The Importance of a Focus Statement

by Darius Kazemi on March 16, 2006

in Uncategorized

Gamasutra has a fantastic article about a talk that Harvey Smith gave at SXSW called Counter-Intuitive Creative Design. The best bit?

“The first thing you do is write your values on the wall,” Smith states. “Here’s what we’re into. ‘We don’t teach the player by death.‘ At Midway Studios Austin, we have this big bible of high concepts. We have literally written down our values, and when designers are in arguments, we often tell them, ‘Is there a principle you can fall back on? You guys are arguing this one very specific point, but is there a larger principle at work here? ‘”

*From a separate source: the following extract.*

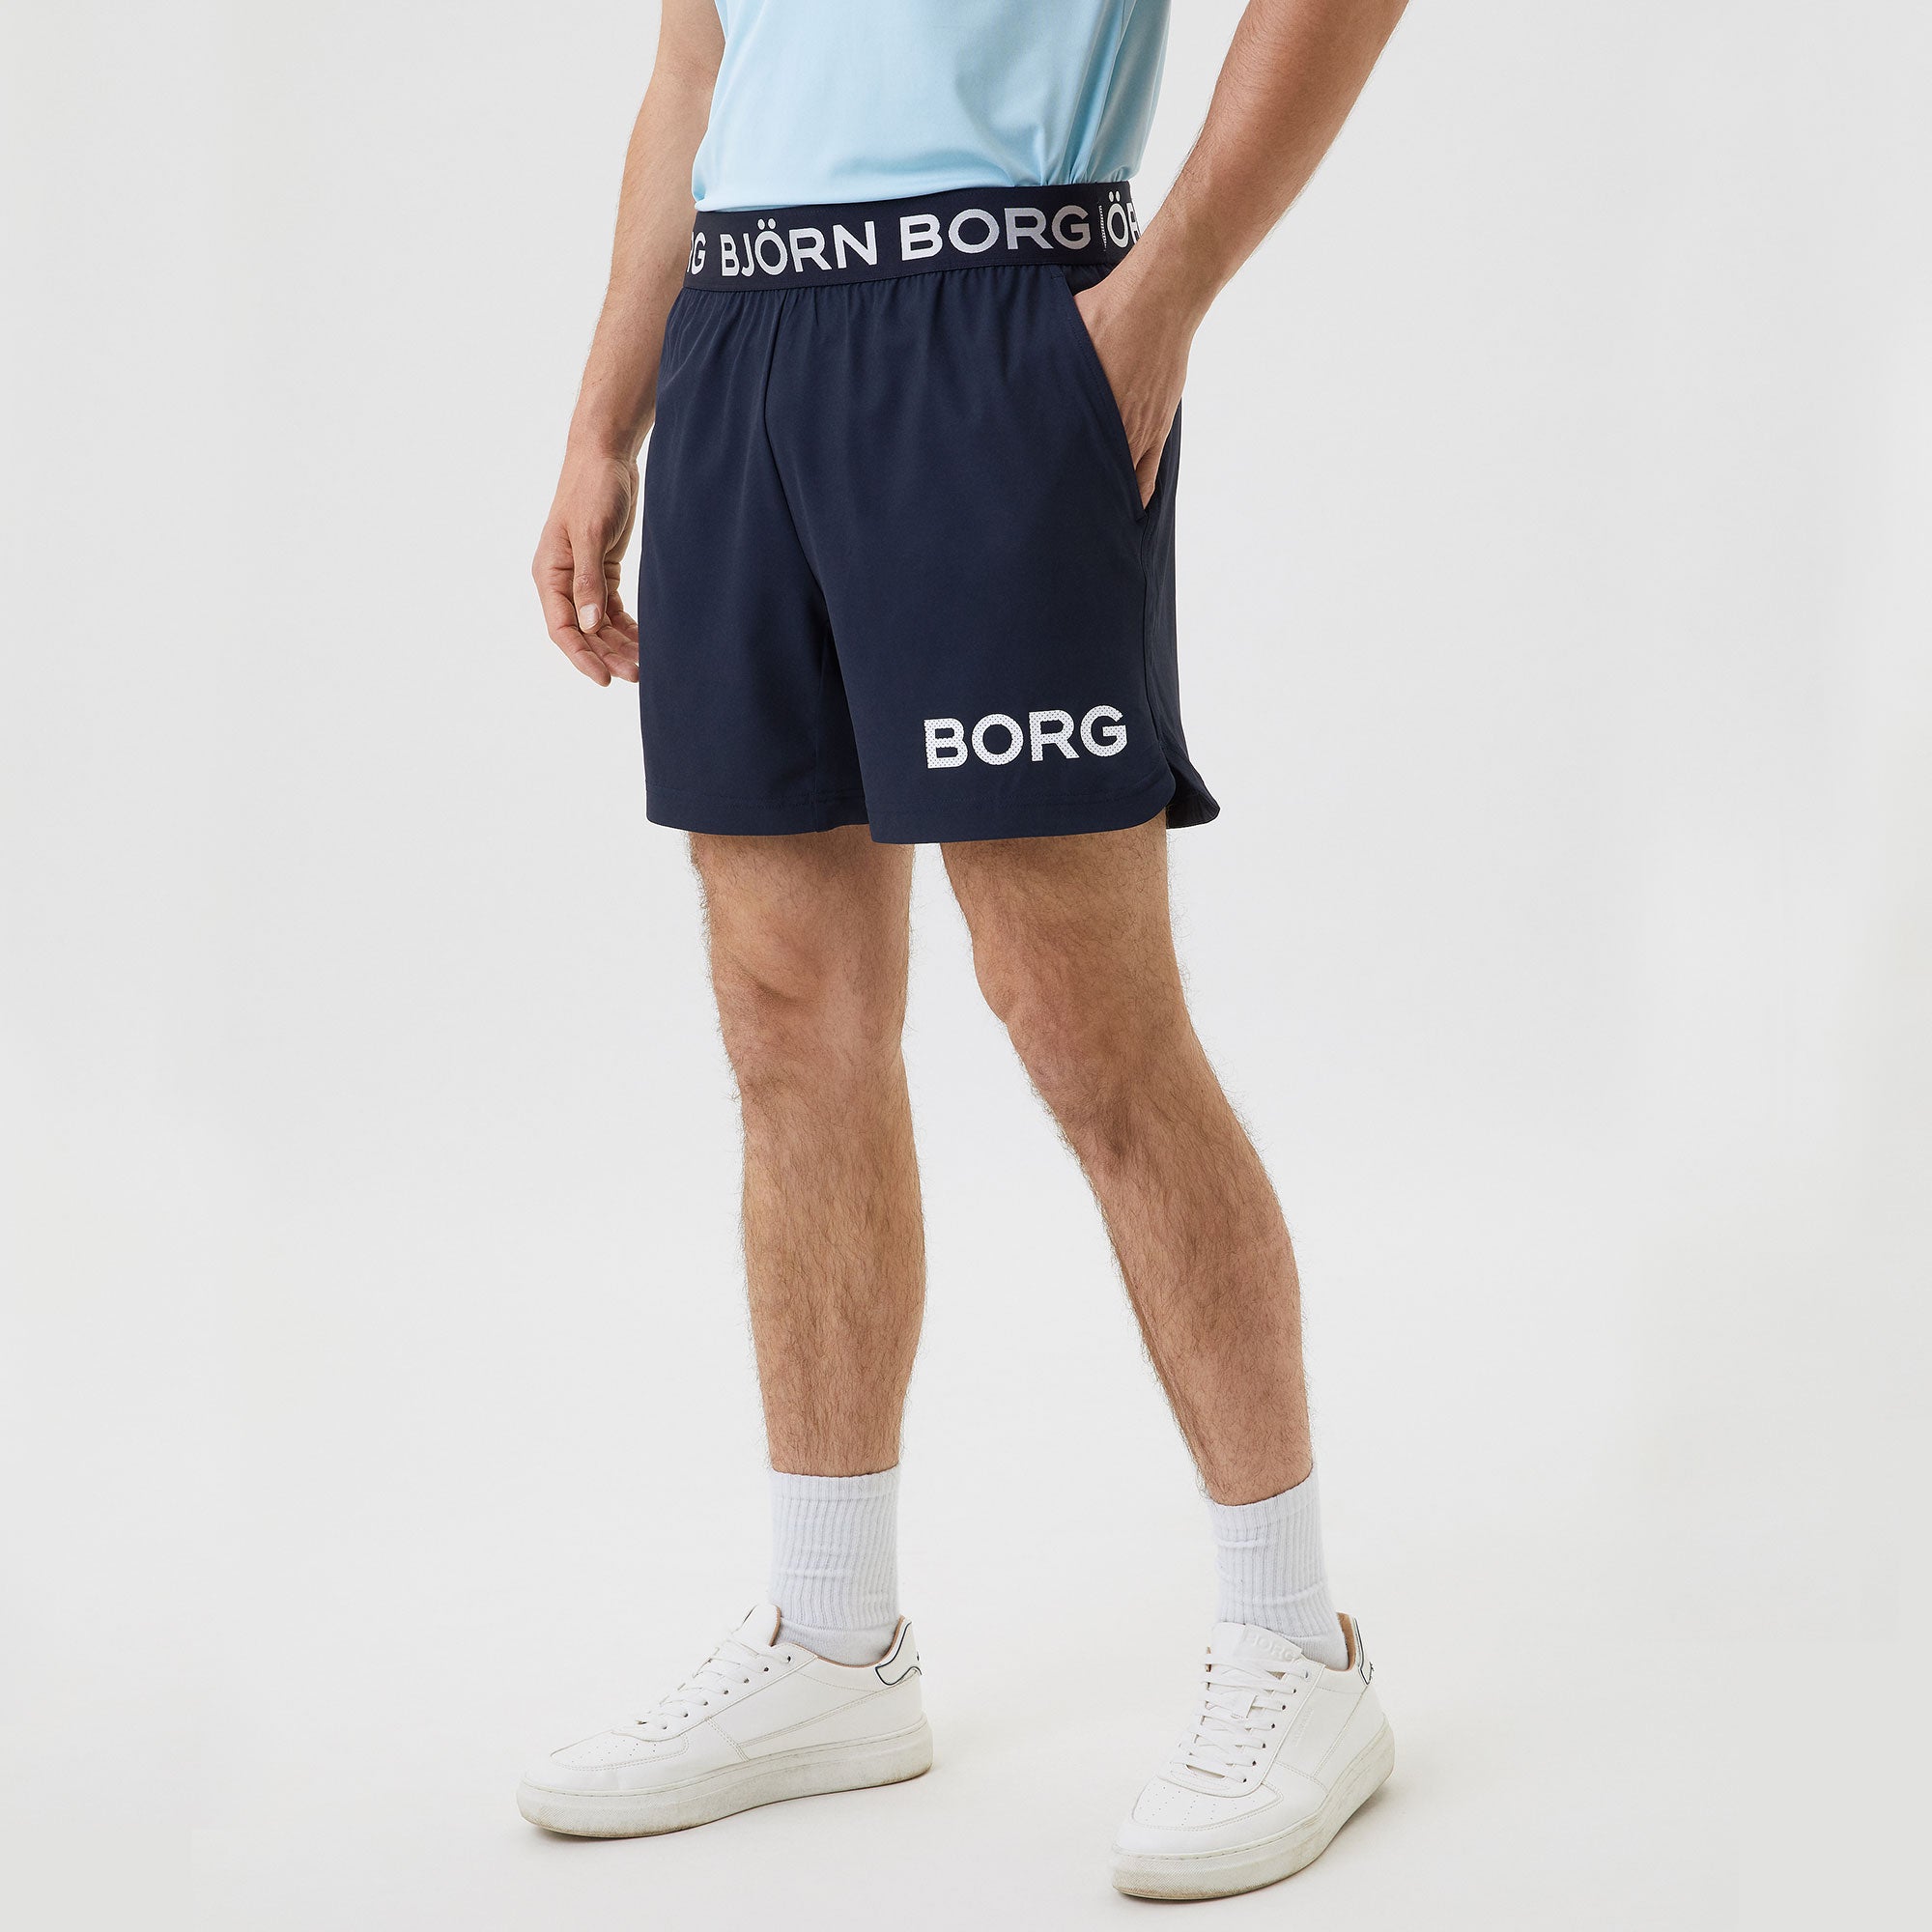 Björn Borg BORG Men's Short Shorts - Dark Blue (1)

This relates specifically to my favorite idea espoused in Richard Rouse III’s Game Design: Theory and Practice: whenever you start a project, you need a focus statement. It’s a short paragraph, maybe 3 sentences, that explains everything that is essential about your game. In other words, if you modified that paragraph in any way, it would be a completely different game. At my mythical future game company, this focus statement will be printed out on one of those large banners and hung in an appropriate portion of the office. This way, when the designers are having an argument, I can walk in, point to the giant banner, and effectively end the argument. Much like what Harvey Smith is talking about.

{ 1 comment }

Patrick Dugan March 18, 2006 at 2:48 am

I was going to have a brief bit of text on my company website, describing the projects in the pipeline and inviting the visitor to invesitage features, screenshots ect. I’m thinking writing of this sort would be ideal for that, as it lets prospective collaborators, current collaborators, press, potential players ect. know just what is is we’re doing and why its unique.